# Data records
↓
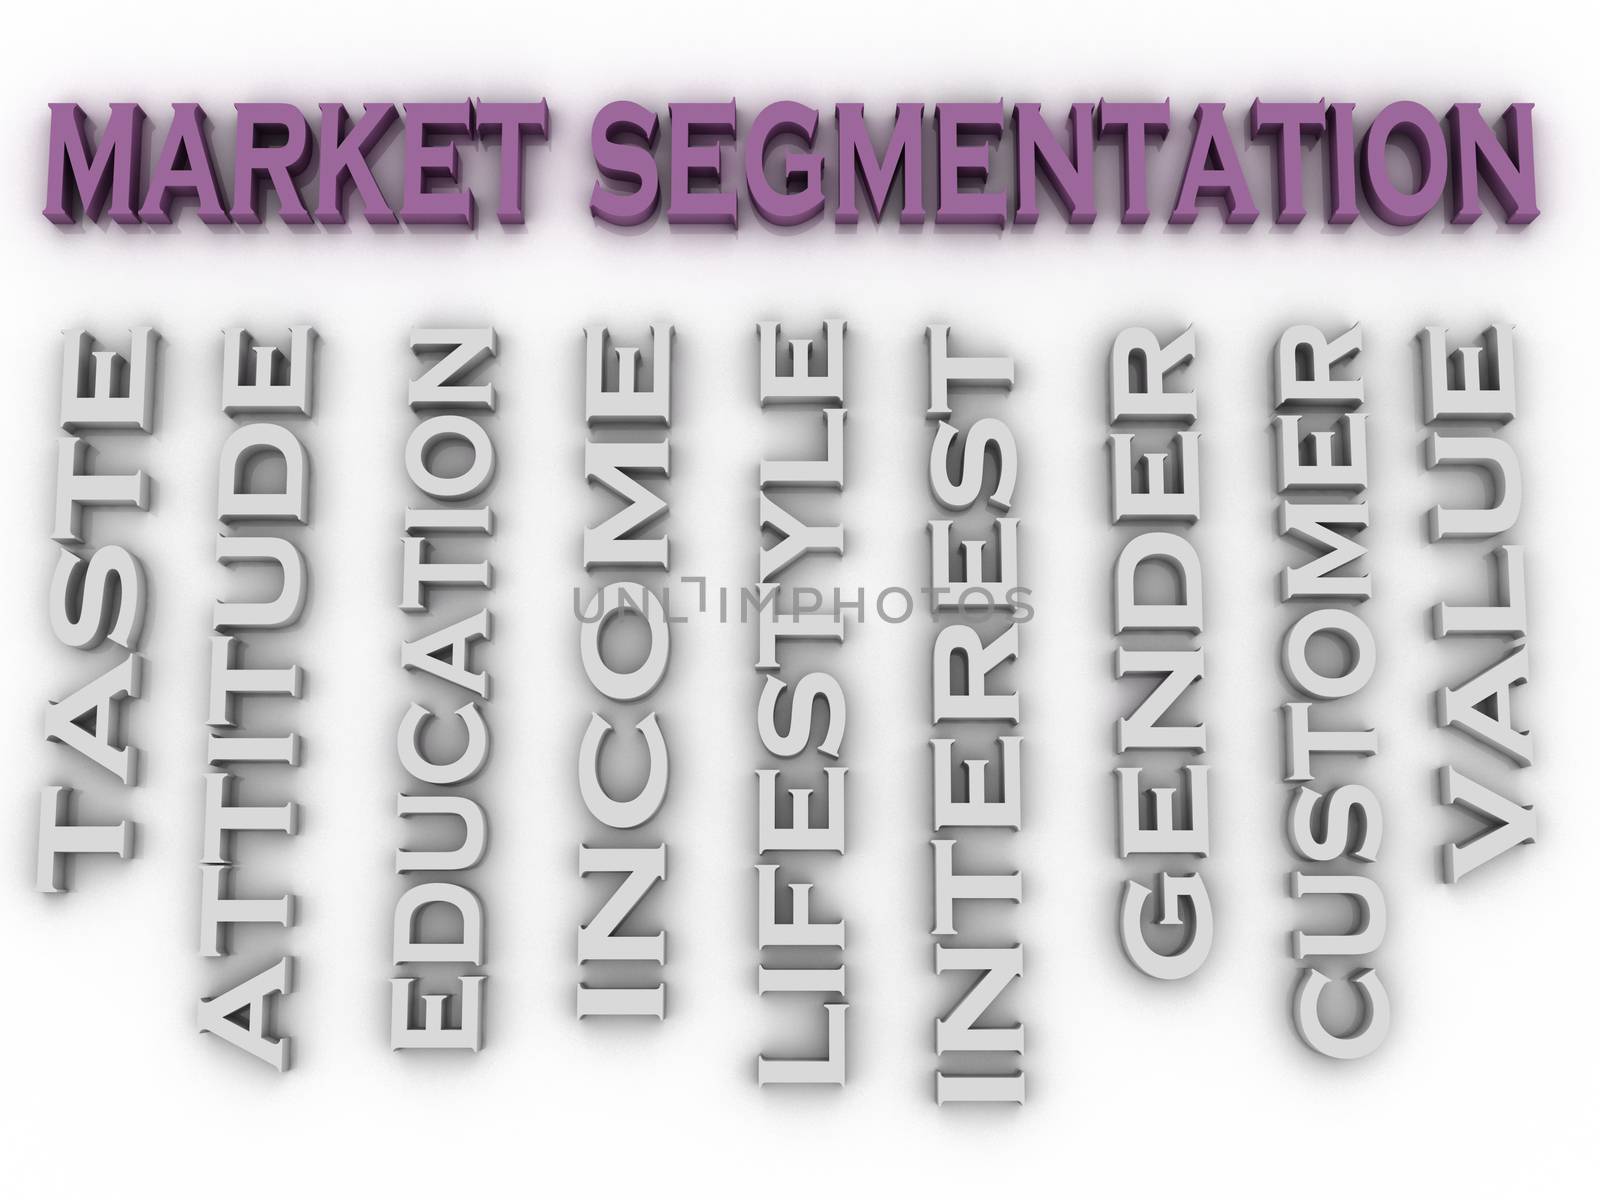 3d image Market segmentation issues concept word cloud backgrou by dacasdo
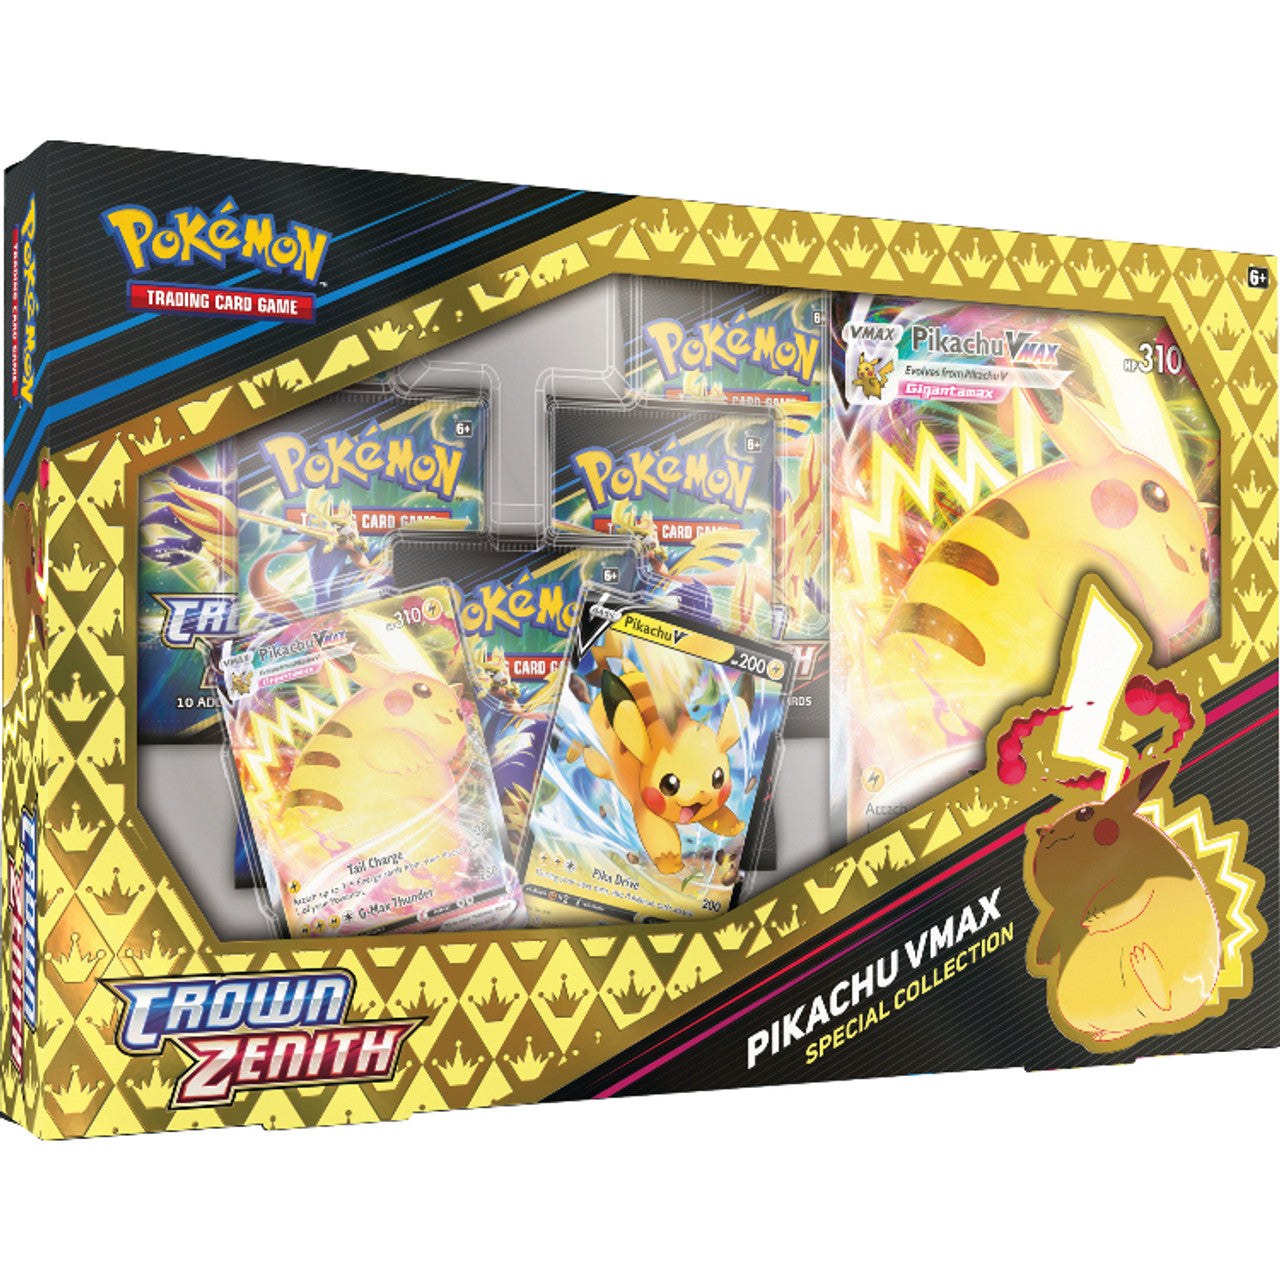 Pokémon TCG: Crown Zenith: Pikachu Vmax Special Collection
↑
↓
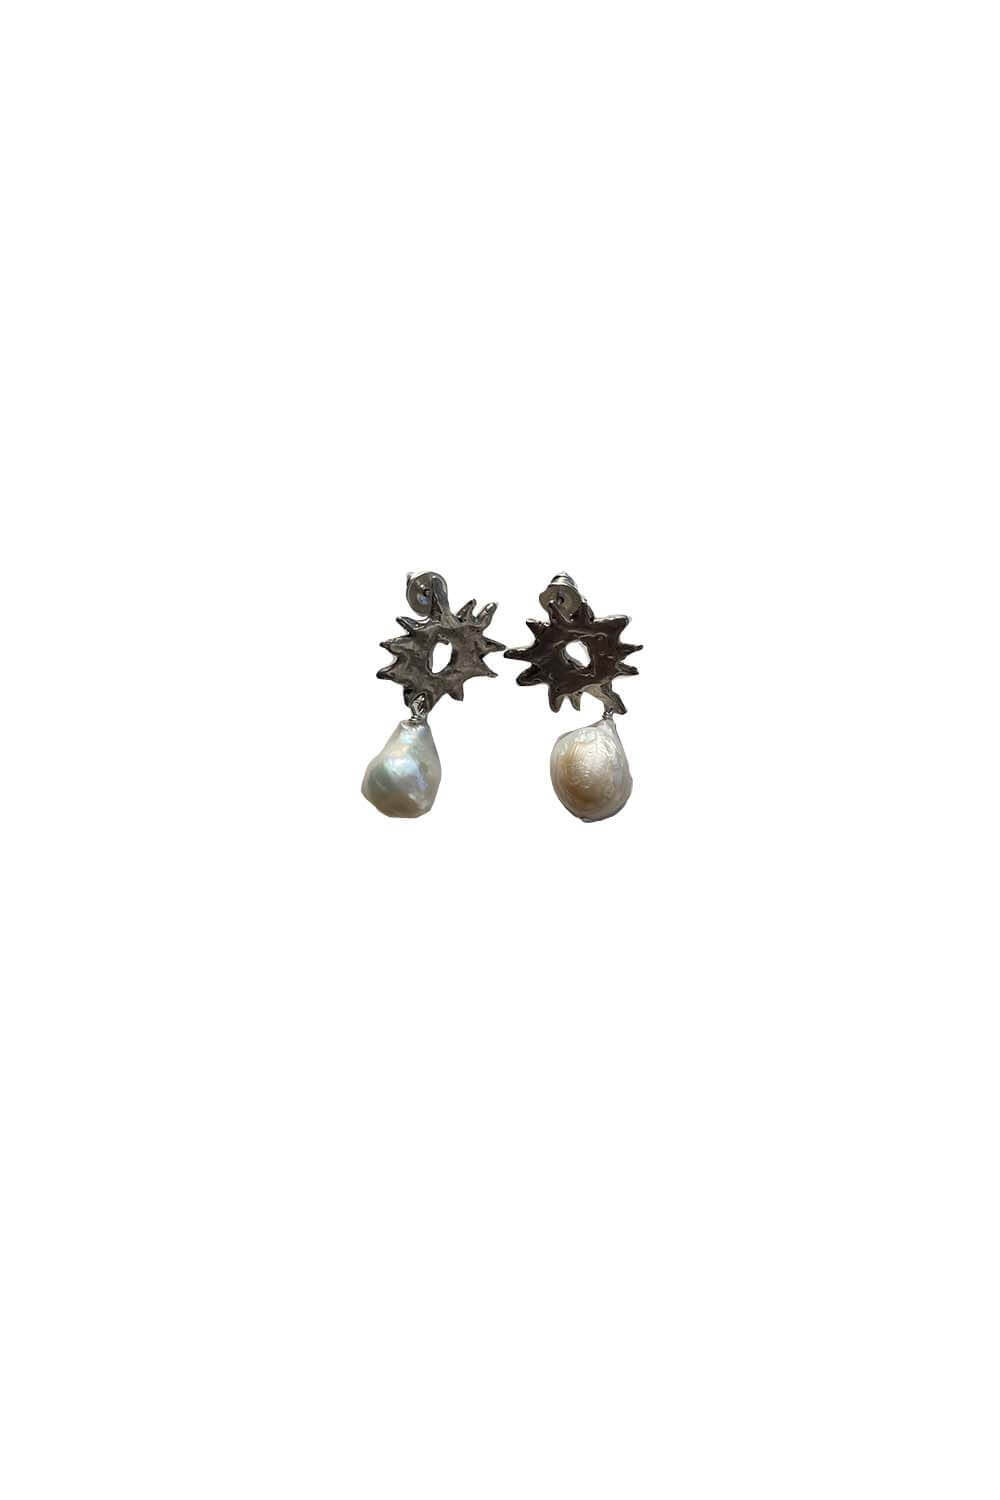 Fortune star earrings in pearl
↑
# Work task
Would you write out exactly the lines above, starting at the line containing "3d image Market" and stopping after the line containing "Pokémon TCG: Crown"? Omit the pictures.

# Answer for this exercise
 3d image Market segmentation issues concept word cloud backgrou by dacasdo
 Pokémon TCG: Crown Zenith: Pikachu Vmax Special Collection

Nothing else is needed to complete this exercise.